Variation from a first-order magnetoelastic transition (FOMT) to a second-order magnetic transition (SOMT) could be controlled by finely adjusting the Fe/La ratio in the non-stoichiometric La1−xFe11.4+xSi1.6 (x = 0, 0.05, 0.10, 0.15 and 0.20) alloys. Particularly, a nearly stoichiometric ratio of NaZn13-type phase was obtained with an addition of excess 0.15 at% Fe. When x value increased from 0 to 0.20, the Curie temperature (TC) increased from 198.6 to 216.6 K due to lattice shrinkage and the magnetic entropy change (−ΔSM) decreased from 18.4 to 8.0 J/(kg·K) (at 0−2 T) and from 22.5 to 13.8 J/(kg·K) (at 0−5 T), which may be ascribed to the change from the itinerant-electron metamagnetism (IEM) to second order magnetic transition. Thus their effective refrigeration capacities declined from 347.6 to 245.9 J kg−1 under 0–5 T, which values were comparable to the Gd5Si2Ge1.9Fe0.1. The Fe/La ratio in NaZn13-phase was possibly dominant to induce the transition from first to second order among La1−xFe11.4+xSi1.6 alloys.
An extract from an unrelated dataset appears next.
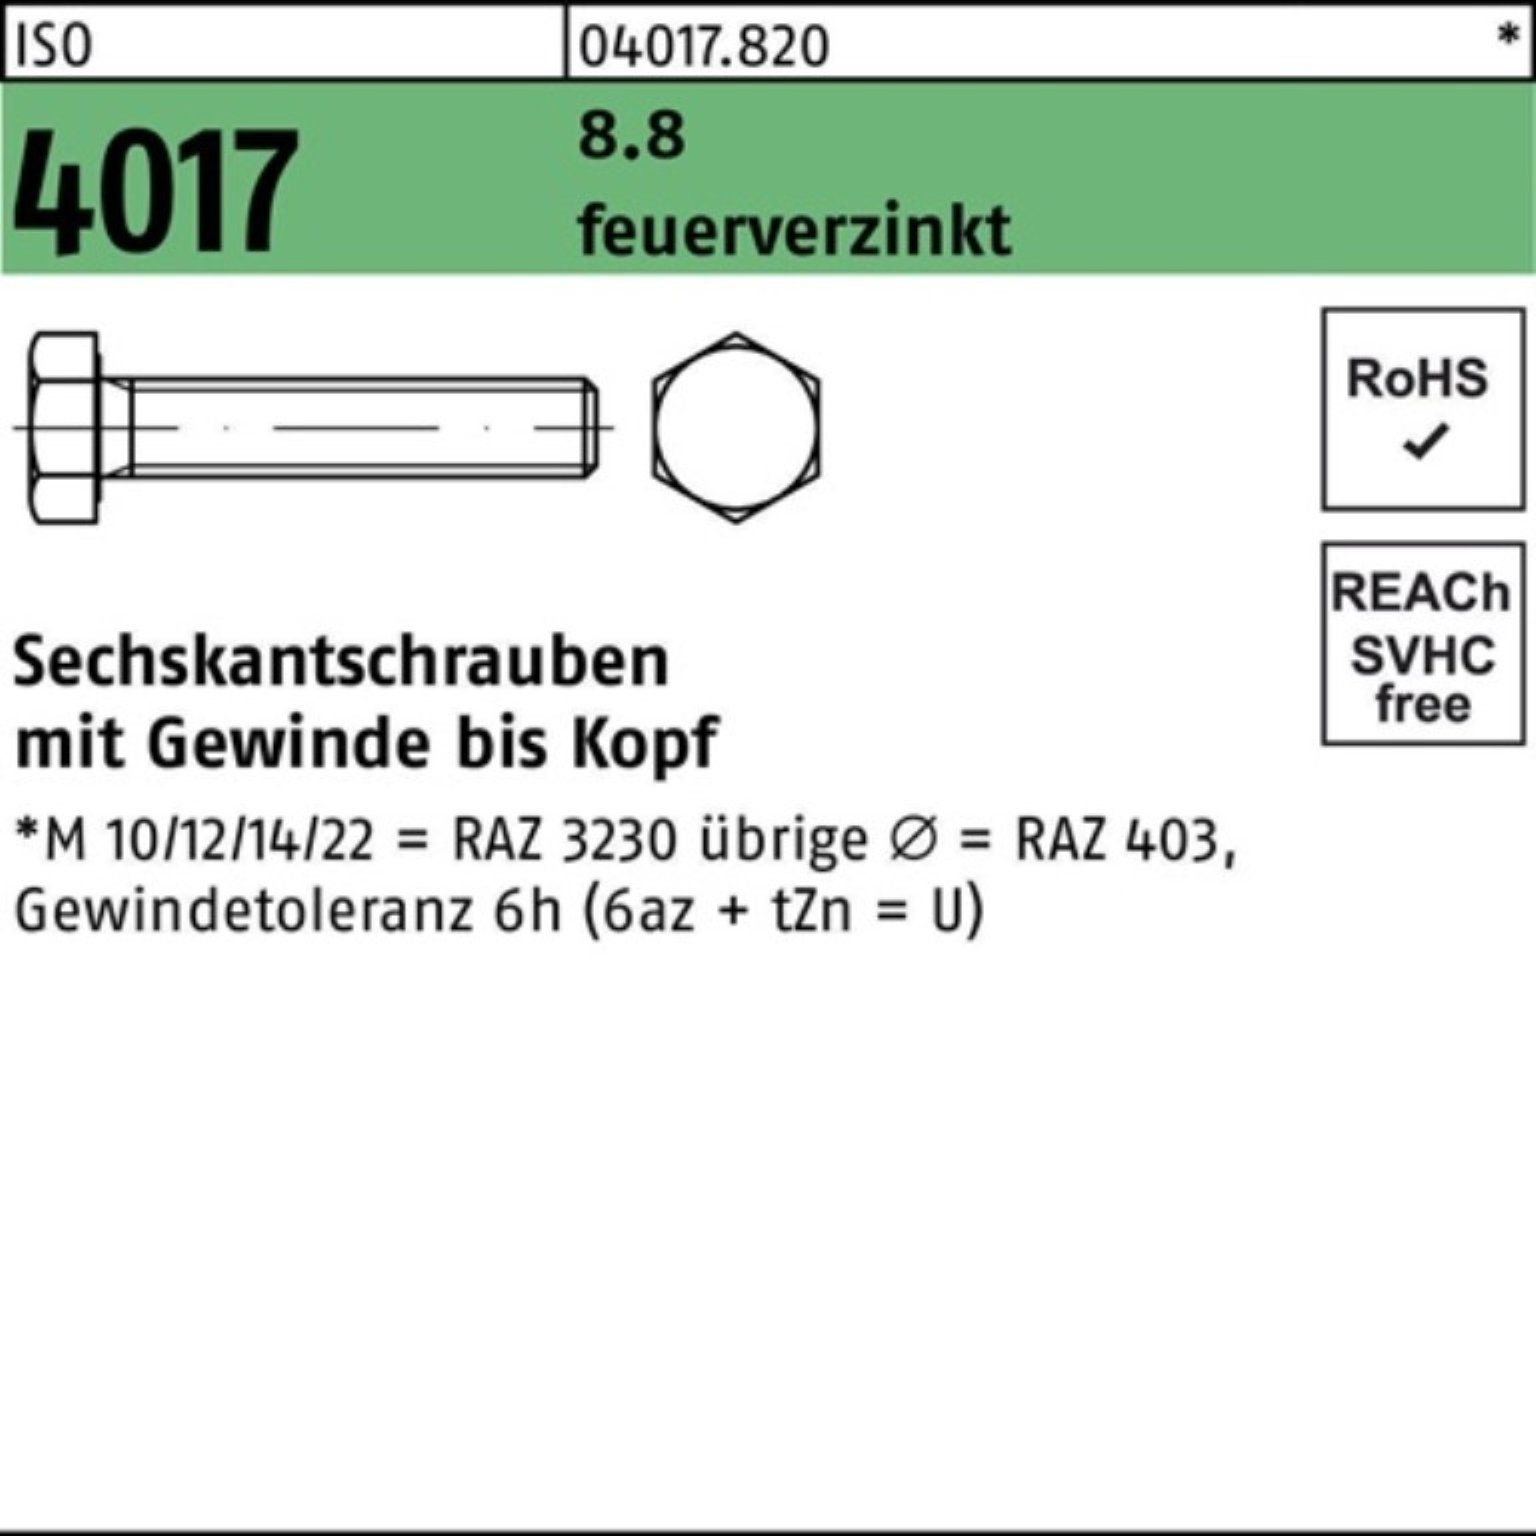 Bufab Sechskantschraube 100er Pack Sechskantschraube ISO 4017 VG M12x 90 8.8 feuerverz. 50 St

The thermal hysteresis decreased by 87% to 0.3 K and magnetic hysteresis losses reduced by 90% to 1.4 J kg−1 under 0–5 T. Near the transition border, the alloys with x = 0.15 produced a giant magnetocaloric effect of about 11.8 J/(kg·K) under 0–2 T at TC = 205.6 K. The magnetic hysteresis was 3.01 J kg−1 and the thermal hysteresis was 1.9 K. The material near the border of transition could be suitable for future magnetic refrigeration application.